Exercise brief ▸ Repeat the data exactly. Pictures are not part of the copy.

Data block ▸
□ □ □ □ □ □ □

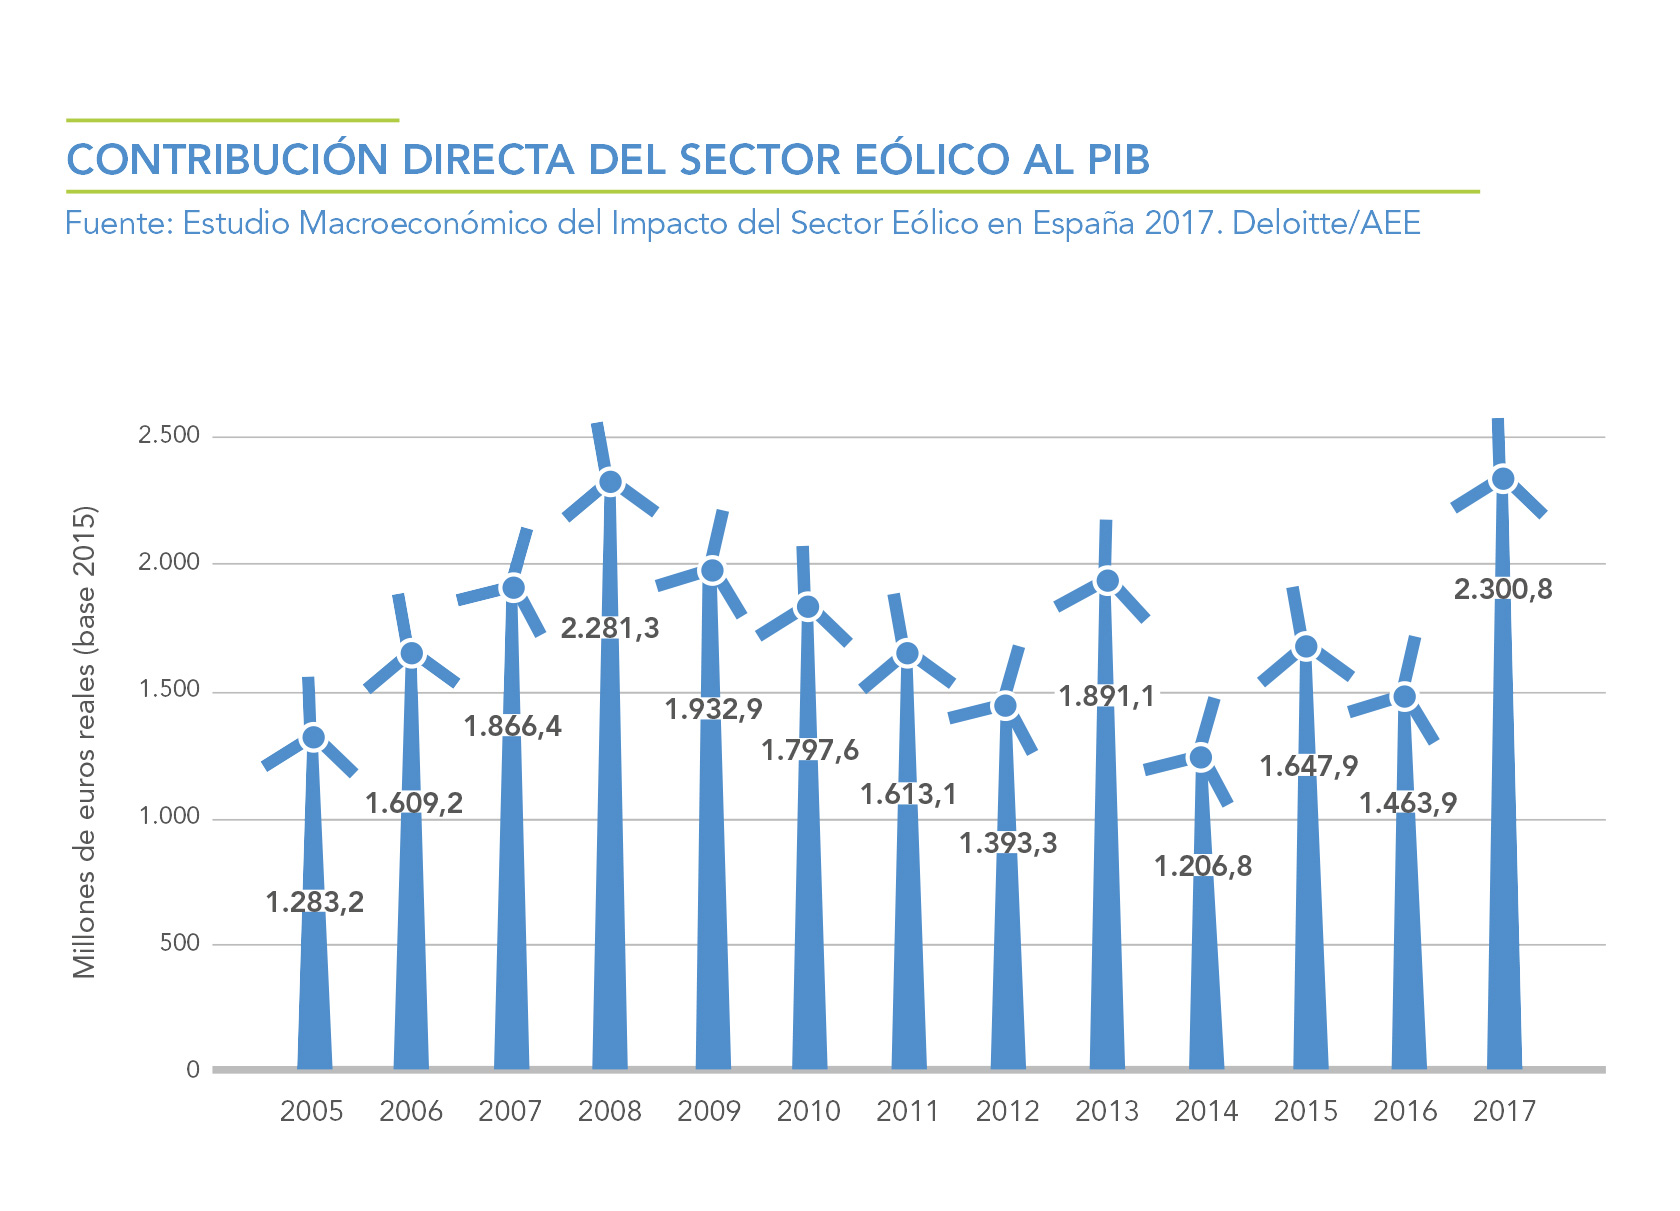 CONTRIBUCION-DIRECTA-DEL-SECTOR-EOLICO-AL-PIB
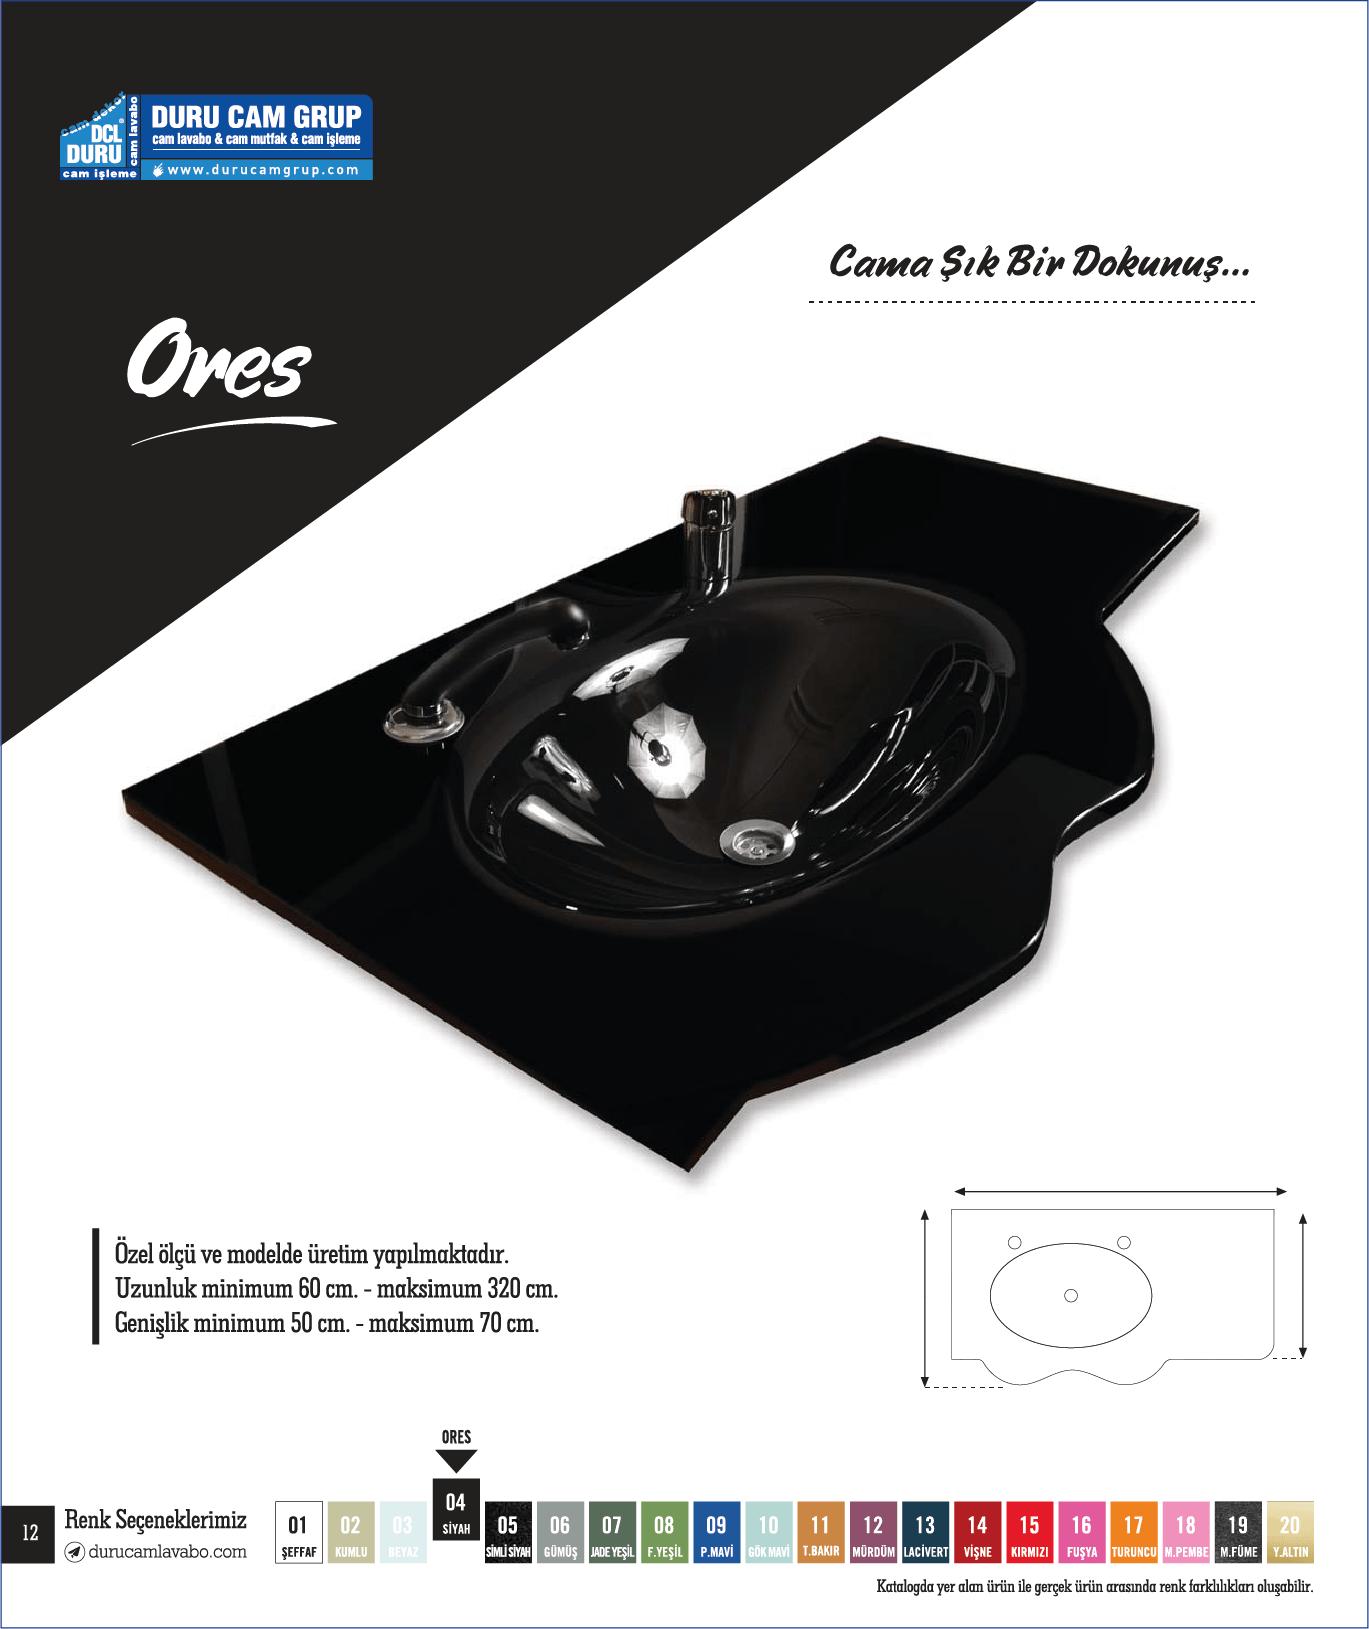 Ores Model
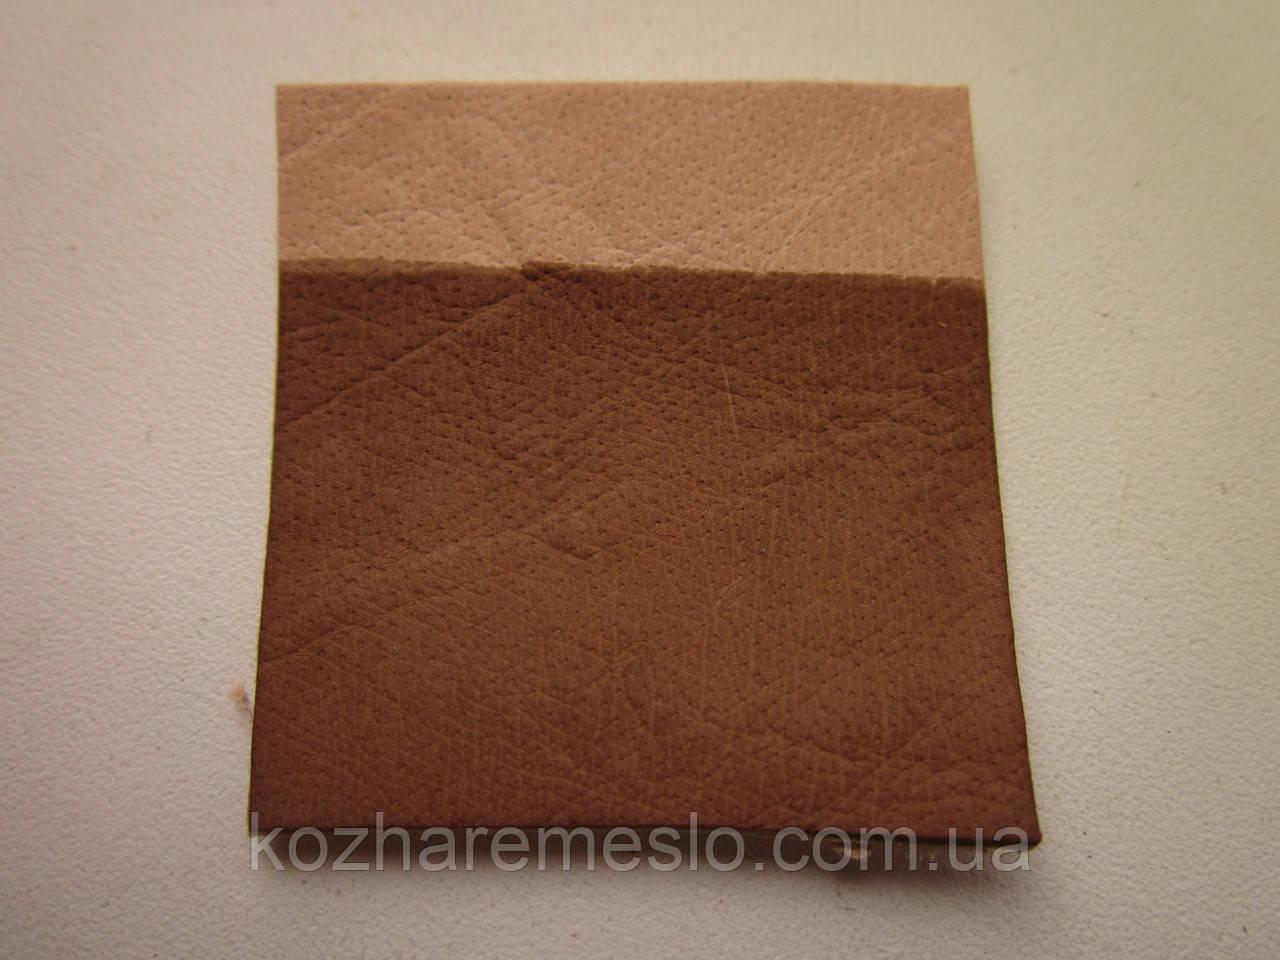 Краска для кожи спиртовая TOLEDO SUPER 100мл шоколад
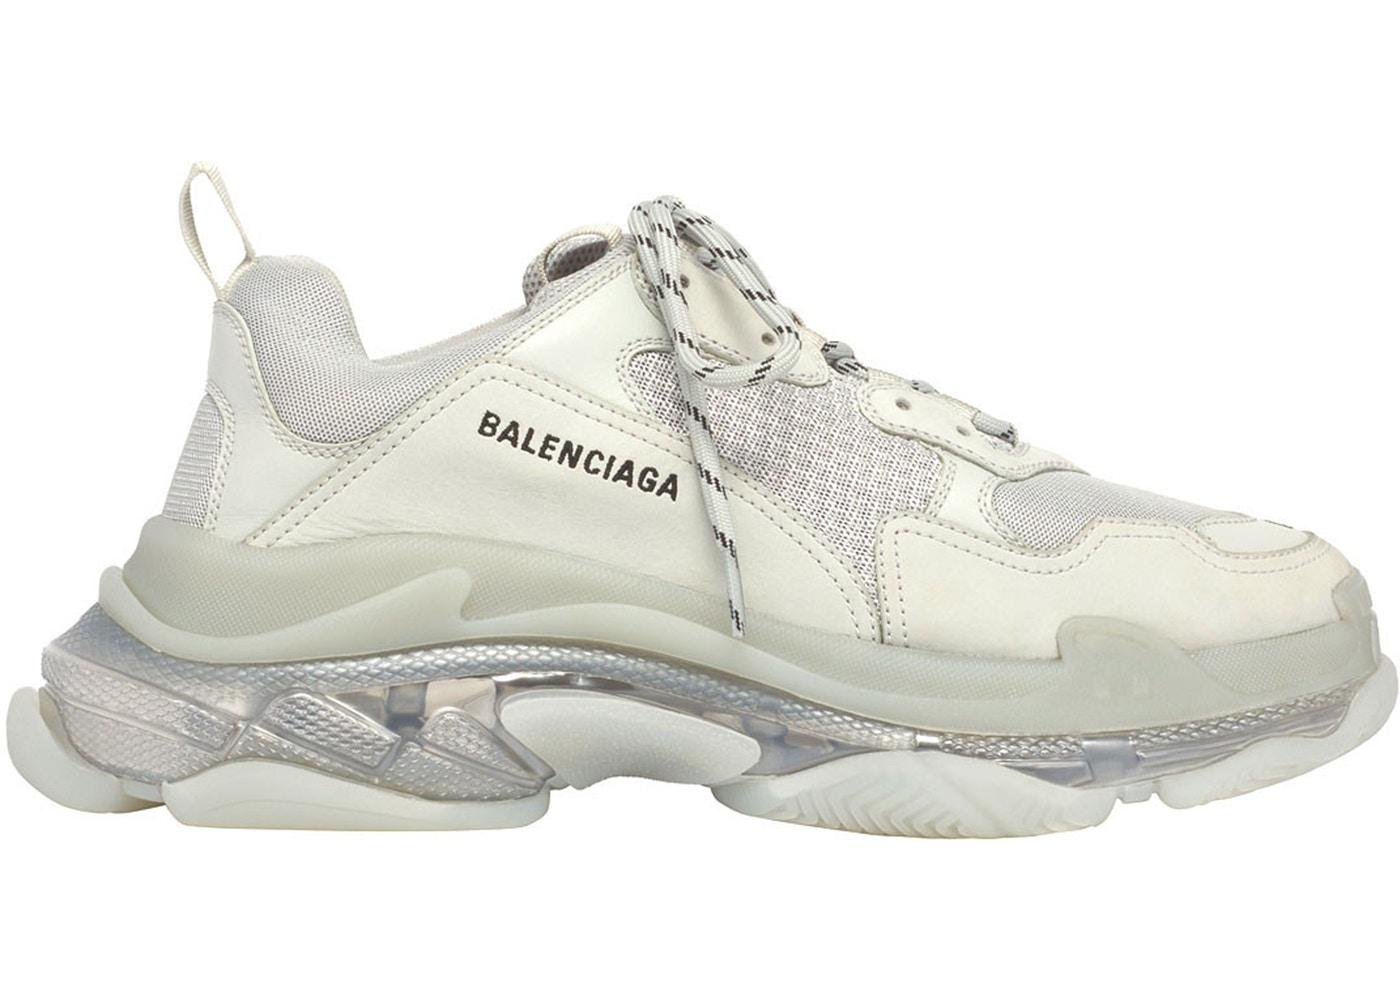 Balenciaga Triple S Speed Trainer Customs Mix Sleek With

□ □ □ □ □ □ □

Solution ▸
 CONTRIBUCION-DIRECTA-DEL-SECTOR-EOLICO-AL-PIB
 Ores Model
 Краска для кожи спиртовая TOLEDO SUPER 100мл шоколад
 Balenciaga Triple S Speed Trainer Customs Mix Sleek With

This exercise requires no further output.